Estas notas fueron tomadas por la actriz Myriam Acevedo durante una conversación con su esposo, el pintor Jorge Carruana Bances (1940-1997), en algún momento de los años setenta. Ambos se habían exiliado en 1968 en Europa y, después de pasar un tiempo breve por la Barcelona de Franco –tan impactada en aquel entonces por el sonido yé-yé– se habían establecido en Roma, Italia. Toda la reflexión o speech de Carruana en estas notas gira alrededor de su fabulosa serie Palmas; serie que en esos momentos se encontraba realizando y sintetiza desde el pop –aunque para mí más desde lo lúdico y, si se quiere, desde lo socarrón– todo el mundo que se abre entre los cuerpos y los objetos, entre la genitalia y el goce y el color y el delirio.
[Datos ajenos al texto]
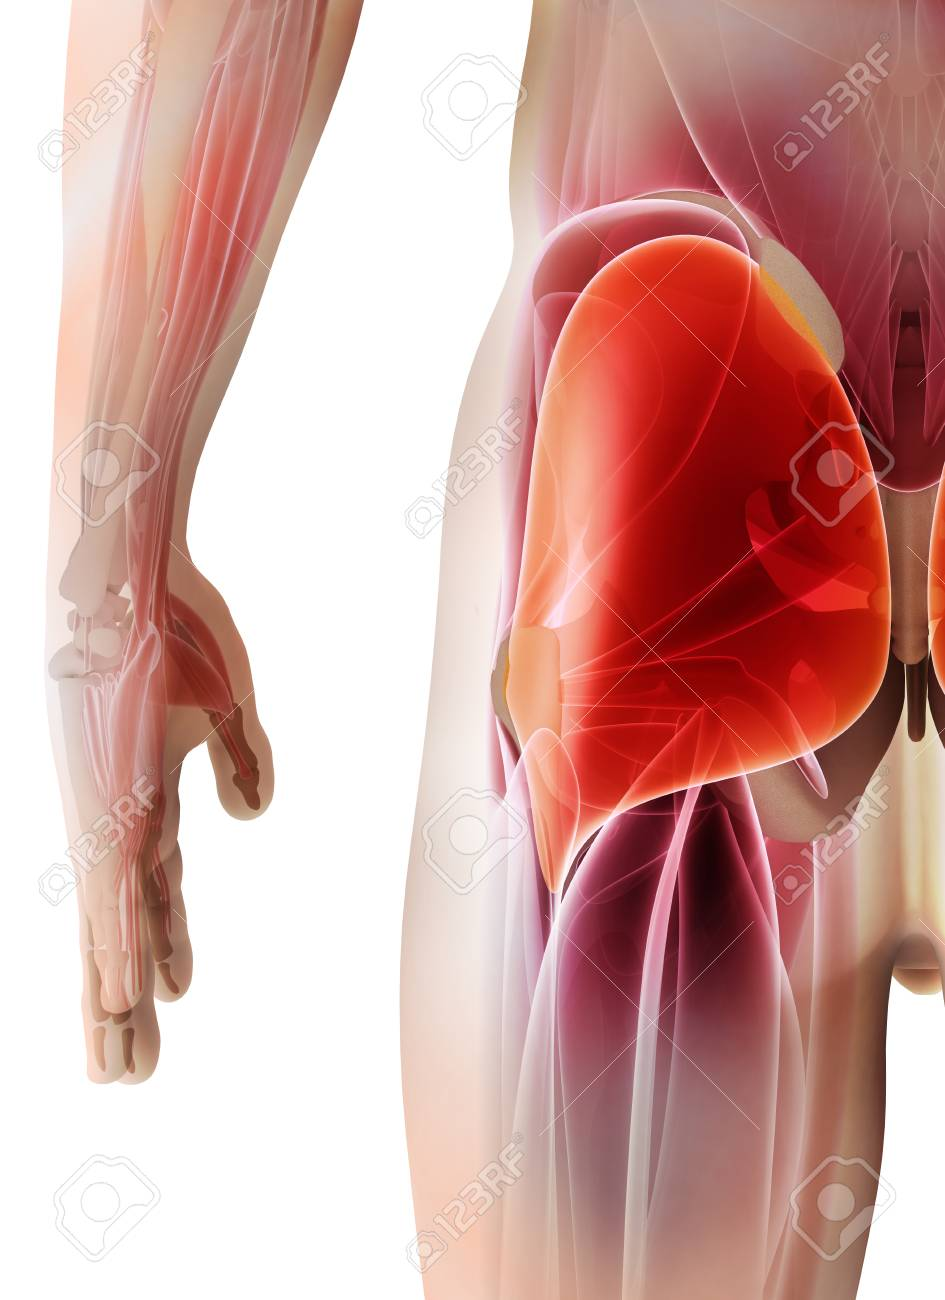 3d Illustration Of Gluteus Maximus Part Of Muscle Anatomy Stock

Sirvan estos apuntes de Carruana más que como poética, como puerta de acceso a uno de los grandes pintores cubanos de los últimos cincuenta años.

Carlos A. Aguilera


La pintura de Jorge es un mundo que se sitúa en el trópico, en Cuba, utiliza siempre elementos recurrentes, como la palma, el agua, la playa, la vaca, puertas y ventanas, la organización de los elementos en el espacio, el surrealismo fantástico, el cómic.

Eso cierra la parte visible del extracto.